Other variables pertaining to the mathematical attributes of a specific neural network will also affect the final state of a trained neural network, allowing for a very high number of different possible combinations. Evolutionary algorithms have been proposed to find the most suitable design of neural networks, to allow a better prediction, given the high number of possible combinations of parameters. In this paper, the researchers have shown that combining ANNs with EA the variables models developed for a vast range of chronic diseases contain sex almost always.
Equalizing Gender Information in AI
The historical absence of women from the health professions and clinical research has led to medical knowledge that focuses on the male body and neglects female physiological differences.

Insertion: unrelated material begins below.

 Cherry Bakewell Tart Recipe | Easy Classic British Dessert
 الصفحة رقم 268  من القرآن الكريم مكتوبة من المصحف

To ensure that gender-based inequalities do not manifest themselves in AI applied to medicine, great care is needed to incorporate gender information into predictive models in order to avoid disparities in predictive performance in the two genders.
The study found that including information about gender in the machine learning model significantly improved the accuracy of predicting psoriatic arthritis diagnosis, with an overall accuracy of 94.47% when gender was included compared to 87.77% when gender was excluded. This indicates that gender has an important role in the predictive model, and that omitting gender from the model can lead to disparities in predictive performance between genders.
The study also highlights the importance of incorporating gender information in predictive models to avoid gender-based inequalities. Historically, medical knowledge has focused on the male body and neglected female physiological differences, due in part to the historical absence of women from the health professions and clinical research. Incorporating gender information into predictive models can help to address these disparities and ensure that the benefits of AI in medicine are available to all genders.